If you need granular control, call features directly without the pipeline:

import numpy as np
from pictologics import load_image
from pictologics.preprocessing import (
    resample_image, resegment_mask, filter_outliers,
    discretise_image, apply_mask
)
from pictologics.features.intensity import calculate_intensity_features
from pictologics.features.morphology import calculate_morphology_features
from pictologics.features.texture import calculate_all_texture_features

# Load and preprocess
image = load_image("image.nii.gz")
mask = load_image("mask.nii.gz")
image = resample_image(image, new_spacing=(1.0, 1.0, 1.0))
mask = resample_image(mask, new_spacing=(1.0, 1.0, 1.0), interpolation="nearest")
mask = resegment_mask(image, mask, range_min=-1000, range_max=400)

# Discretise for texture
disc_image = discretise_image(image, method="FBN", n_bins=32, roi_mask=mask)

# Extract features
morph = calculate_morphology_features(mask, image=image, intensity_mask=mask)
intensity = calculate_intensity_features(apply_mask(image, mask))
texture = calculate_all_texture_features(disc_image.array, mask.array, n_bins=32)

all_features = {**morph, **intensity, **texture}
print(f"Extracted {len(all_features)} features")

Use the Pipeline Instead

The RadiomicsPipeline accomplishes the same workflow with automatic image routing, logging, deduplication, and configuration export.

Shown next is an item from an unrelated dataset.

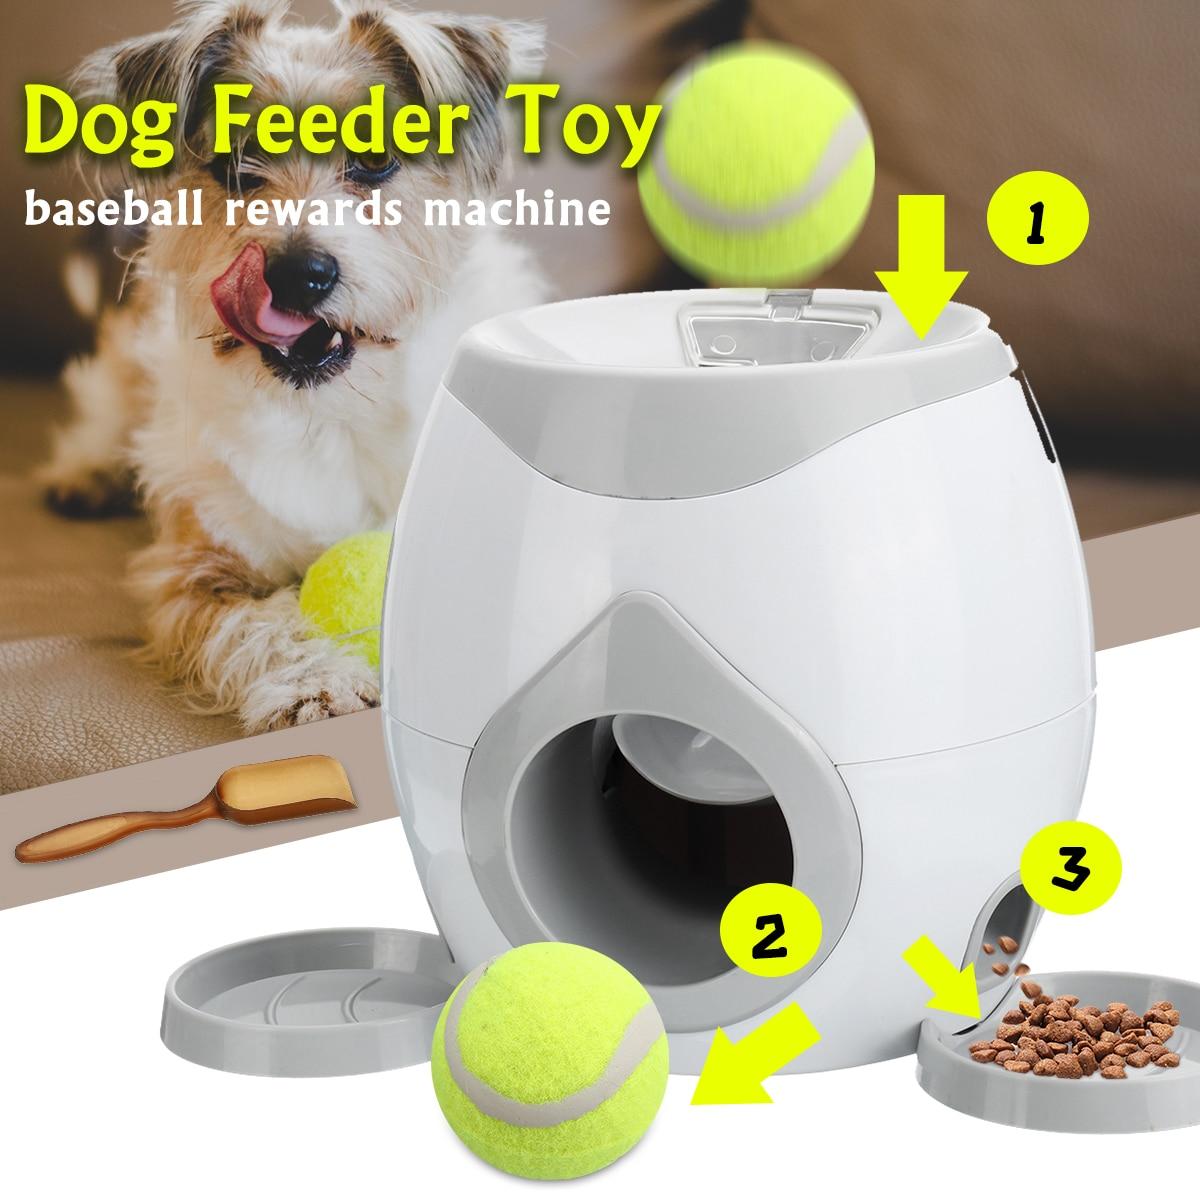 Automatic Dog Ball Feeder Award Tennis Toy Reward Interactive Machine Ball Thrower Educational Entertainment Pet Supplies+Spoon Under-cabinet lighting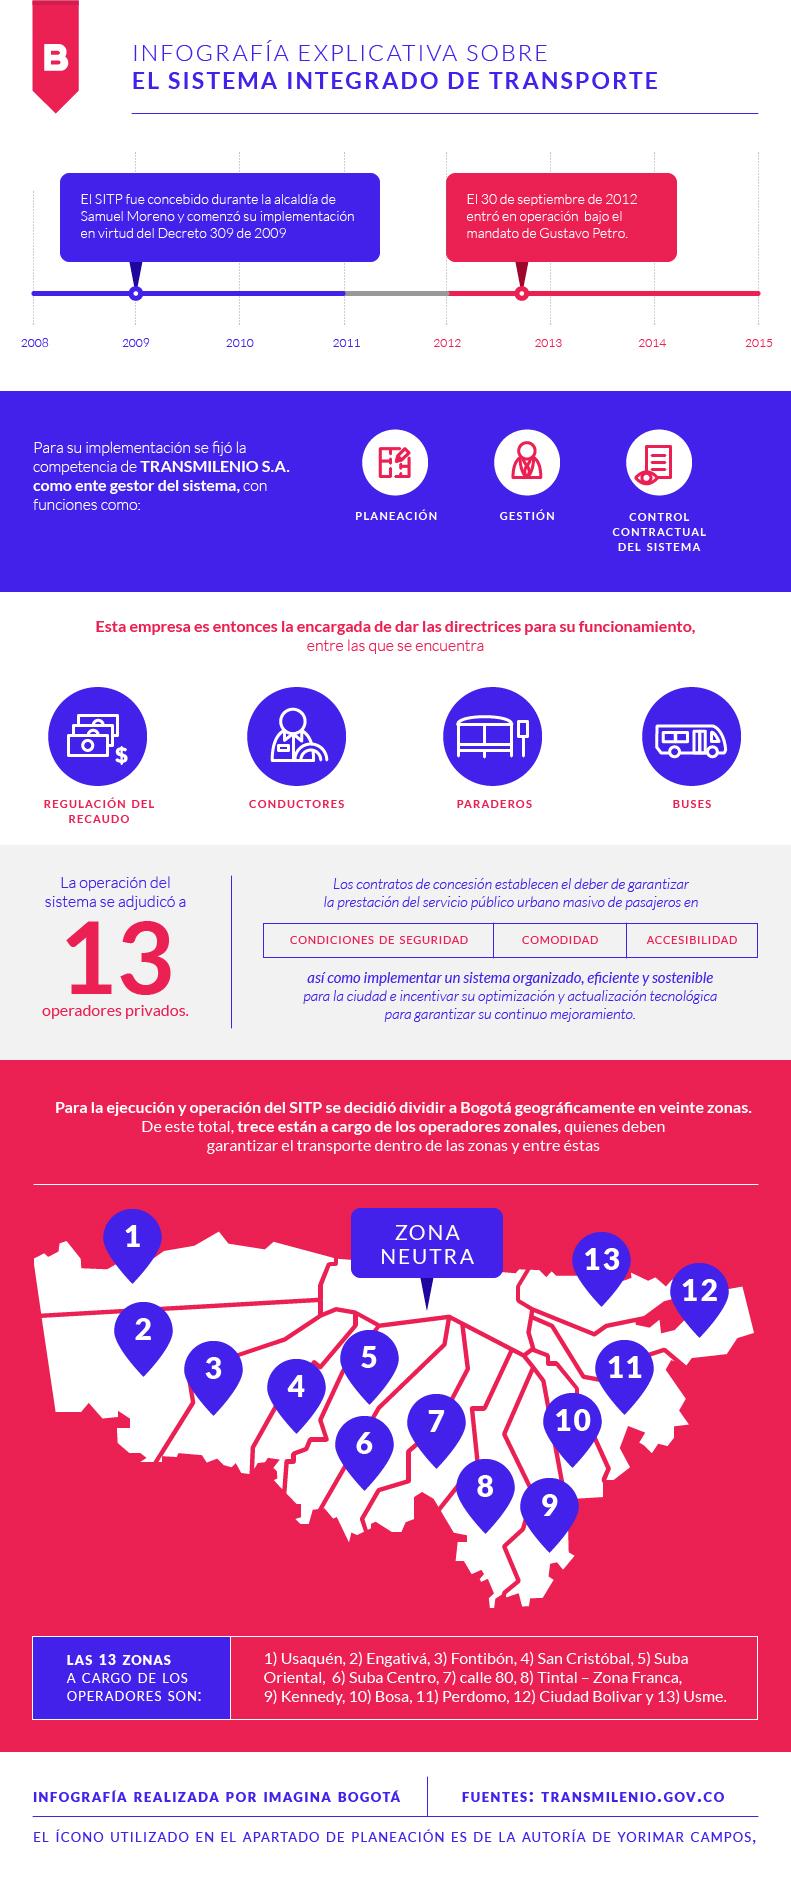 infographic infografia transporte bogota data visualization transmilenio SITP transportation public transportation

Manual extraction is mainly useful for debugging or understanding the underlying process.

Performance Tips

  • Spatial/local intensity can be extremely slow on large ROIs. Keep them disabled unless needed.
  • Texture requires discretisation. Without a discretise step, the pipeline raises an error.
  • For large 3D images, consider coarser spacing for exploratory work.
  • For CT in Hounsfield Units, FBS (bin_width) is often more interpretable; for MRI/PET, FBN (n_bins) may be preferable.